Despite all the rah-rah stuff, nobody really knows whether the Flames are better or worse today. This has been an unexpected whirlwind of change. The best that can be said is that the damage could have been worse, and Treliving has done pretty well to salvage what should still be a winning hockey club after a 111-point season a year ago.
The addition of Kadri will be fascinating. He flourished as a secondary player in Colorado on a Stanley Cup winning team, and now he will have to be a central figure in Calgary, perhaps the team’s No. 1 centre. It’s the kind of evolution the Maple Leafs once imagined for him until they abandoned hope and made a bad trade to move him to the Avalanche.
Kadri can be an outspoken, polarizing figure, and some in Calgary remember he once refused a trade to the Flames. Most believed he was going to be a prime free agent catch this summer after his outstanding playoff efforts in Denver, but then the first few days of free agency turned into weeks and nobody signed him. There were rumours the Islanders were going to put pen to paper with him, but that didn’t happen.
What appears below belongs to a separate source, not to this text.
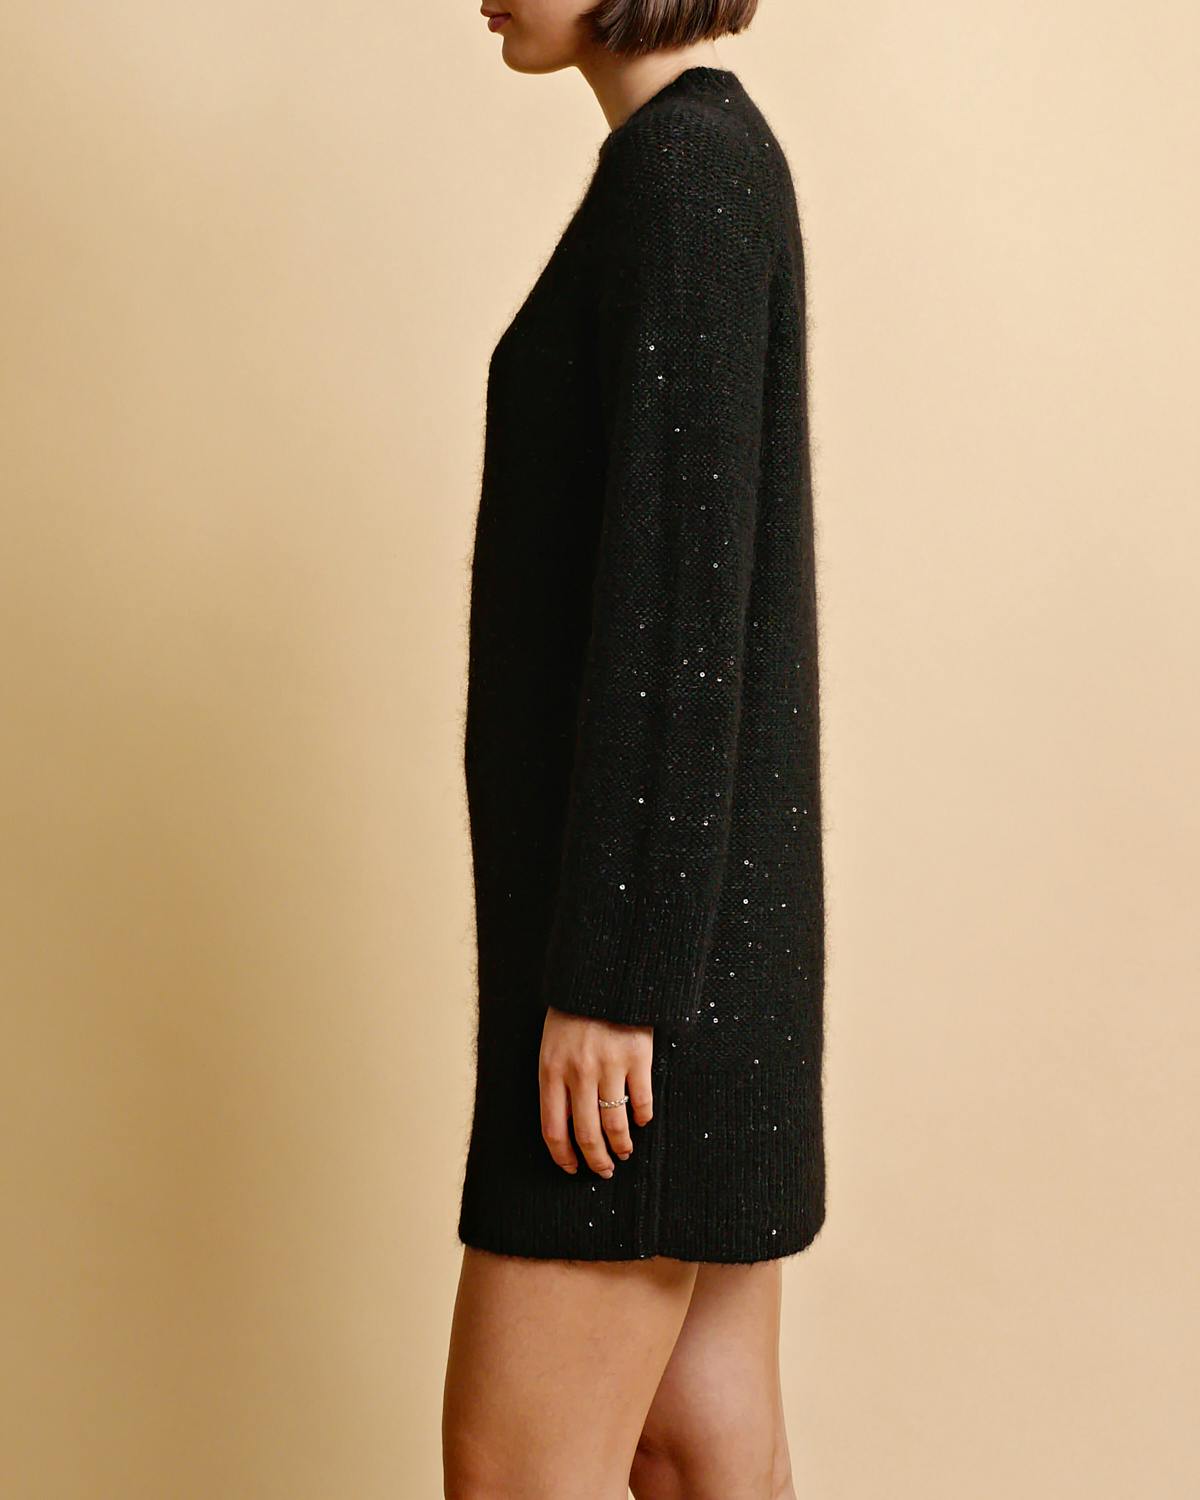 Glitter Knit Dress, Black. Image #6

Now Calgary has signed him to a long-term deal at a salary that is probably less than what Kadri was hoping for. Since 2012, he has scored 20 or more goals four times, and twice more than 30. Both of those were on high-scoring, offensively oriented teams, the Leafs and Avalanche.
He’s a sturdy two-way centre with an ornery side who, in theory, should fit with defensive-minded Darryl Sutter. But Kadri’s a different personality, and not everybody fits with Sutter. So that will be interesting to watch.
If Calgary had been able to retain Gaudreau and Tkachuk, and then add Kadri, the case could have been made the team had been strengthened. Now? The Flames are definitely very different, and they’ve taken on some long-term contractual liabilities.
More than ever, the focus will be on 32-year-old Jacob Markstrom to carry the Flames at least to the Stanley Cup final. If Markstrom can have another Vézina Trophy-type season, then sure, the Flames could end up getting further next spring and this blizzard of moves could end up with a positive conclusion.
The Flames, without question, have been the NHL’s most interesting franchise this off-season. Now we’ll see if they can make the leap from interesting to improved.